Lisant Helstrid, le lecteur passera plus de cent pages en compagnie du couple improbable formé par Vic et Anne-Marie. Et il en sortira éprouvé, car Vic est un personnage que sa détresse rend attachant, au point qu’on tremble pour lui quand le danger arrive. L’homme et l’IA vont de Charybde en Scylla, la tension ne cesse de monter jusqu’à l’insupportable, on se croirait parfois dans Le Salaire de la peur.
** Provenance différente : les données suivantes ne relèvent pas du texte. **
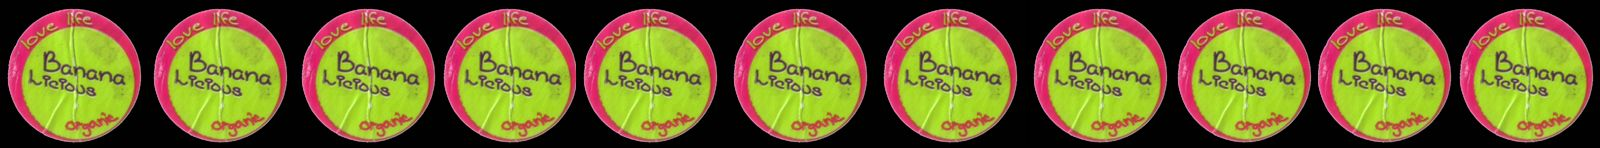 Etiquette_Banana_Licious_Organic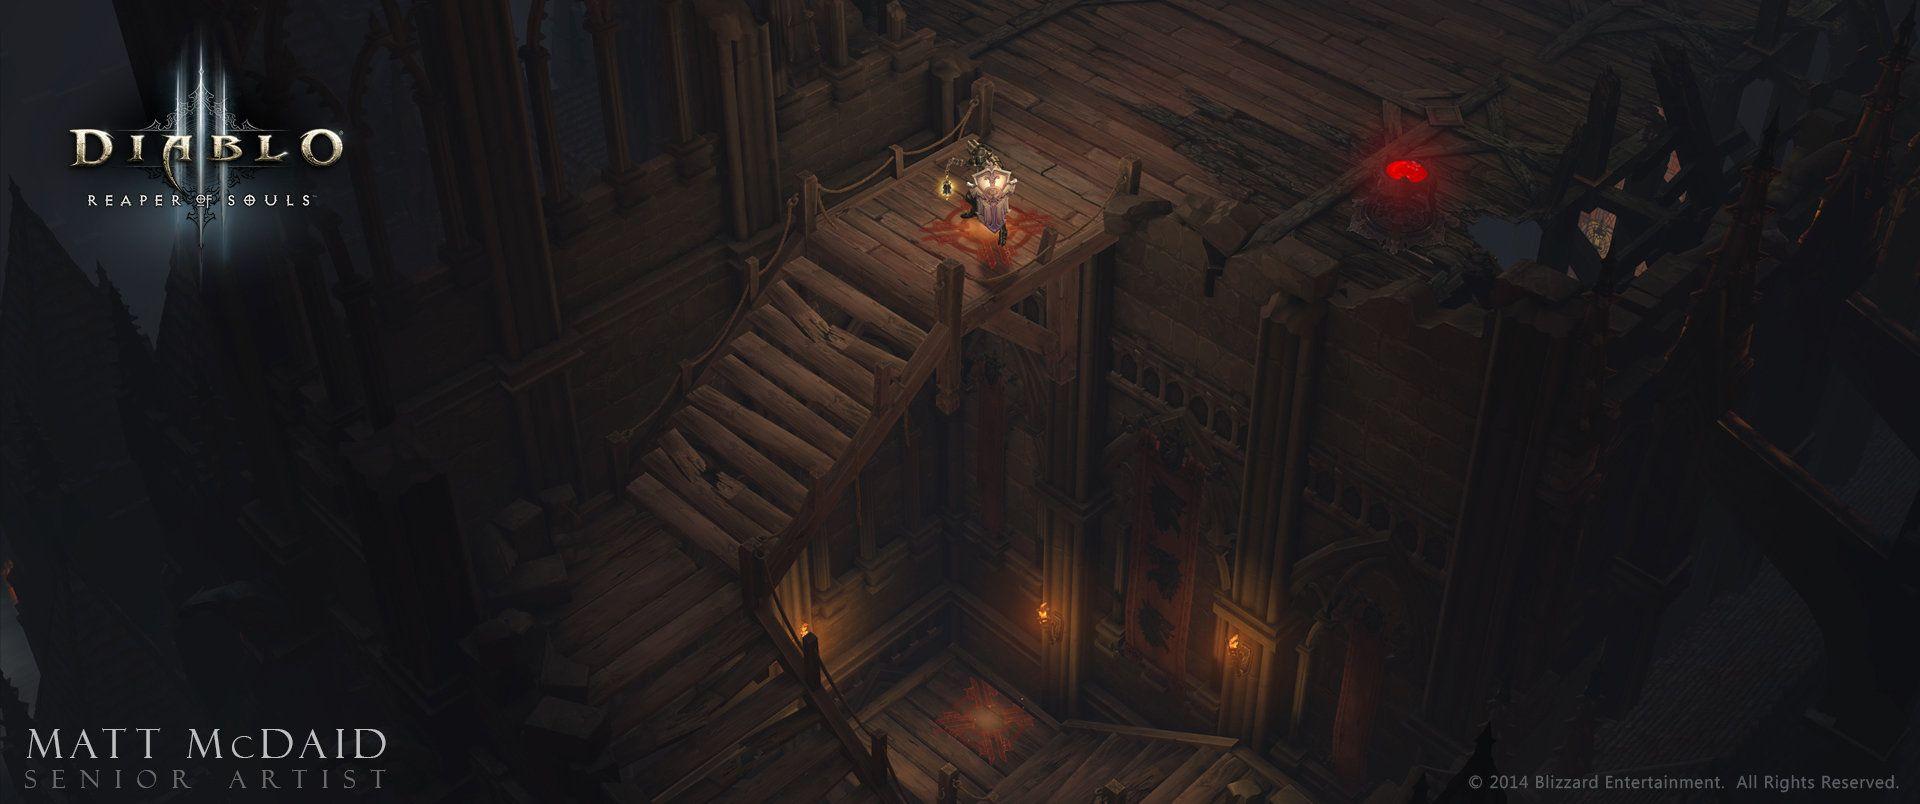 ArtStation - Diablo 3: Reaper of Souls, Matt McDaid

Léourier raconte ici une très belle histoire pleine de tension et d’humanité — une sorte de Vieil homme et la mer de l’espace. Il offre une de ces histoires old school qui mettent le focus sur l’homme face à l’adversité, qui l’obligent à se mettre au clair avec ce qu’il est, qui oublient pour un temps société et politique. Une histoire reposante, en somme, par la simplicité de ses enjeux, et en même temps terriblement « impliquant » par l’énormité de ceux-ci — pour le héros menacé du récit comme pour le lecteur qui prend fait et cause pour lui au point que sa tension artérielle augmente au rythme du sien. Must-read.

Voir l'espace

Dans ce livre riche en illustrations, Elsa De Smet nous propose une approche originale de l’astronomie et de l’astronautique à travers la mise en image de ces disciplines pour leur diffusion vers le grand public. Son travail commence à la fin du XIXe siècle, quand émergea l’idée d’une science pour tous, avec d’ardents promoteurs comme l’astronome François Arago, auquel succèdera Camille Flammarion. Les sciences s’allièrent alors aux arts pour mettre ces récits en image, avec une volonté didactique et de divertissement. Cette iconographie fut notamment réutilisée par Jules Verne, qui est sans nul doute l’un des premiers à intégrer les sciences dans un roman. La même chose se produisit en Allemagne, pays de plusieurs des pères fondateurs de l’astronautique, où l’iconographie chercha aussi à montrer les réalisations pratiques du progrès technique. Cette abondante production d’images a bien sûr accompagné l’aventure spatiale. Mais, si tout le monde connaît l’œil de la Lune transpercé par l’obus du Voyage dans la Lune de Georges Méliès (1902) ou le pas-de-deux des Dupont dans les aventures lunaires de Tintin (Hergé, 1954), peu d’entre nous connaissent les origines culturelles de ces images et les histoires qui les relient. L’auteure analyse donc toute l’iconographie de la culture populaire, des astronomies populaires européennes aux pulps américains, pour comprendre comment, et par quelles voies, ces images sont devenues si efficaces et si souvent reprises. L’auteure montre aussi qu’elles sont les témoins privilégiés de l’histoire des sciences et des techniques ainsi que de la communication à leur propos : pour scénariser les promesses d’un futur dans l’espace, les images sont d’autant plus précises que les techniques d’observation le sont. Des premiers dessins de la Lune par Galilée aux photographies prises depuis le sol de notre satellite par les astronautes de la mission Apollo 11, on suit la façon dont ces images ont été absorbées par l’imaginaire collectif, ainsi que l’émergence du space art et de ses liens étroits avec les sciences. Au croisement de l’histoire culturelle, de l’histoire de l’art et de l’histoire des sciences, l’ouvrage d’Elsa De Smet, érudit mais restant accessible, est tout à fait recommandable.

L'Ours et le Rossignol

Inspiré de contes russes, L’Ours et le rossignol, opus initial d’une trilogie, est aussi le premier roman de son autrice, Katherine Arden. Il emmène le lecteur au Nord de la Russie médiévale, ou plutôt la Rus’, puisque, à cette époque, la Russie n’existait pas. Les Rus’, peuple scandinave à l’origine, étaient dirigés par des knèzes, des nobles rivaux, dont l’allégeance allait aux seigneurs mongols. Le peuple vient de se convertir au christianisme sans avoir complètement oublié ses anciennes croyances. Il continue à honorer les domovoï, ces esprits protecteurs des maisons, et à craindre les créatures qui hantent les lacs et les forêts.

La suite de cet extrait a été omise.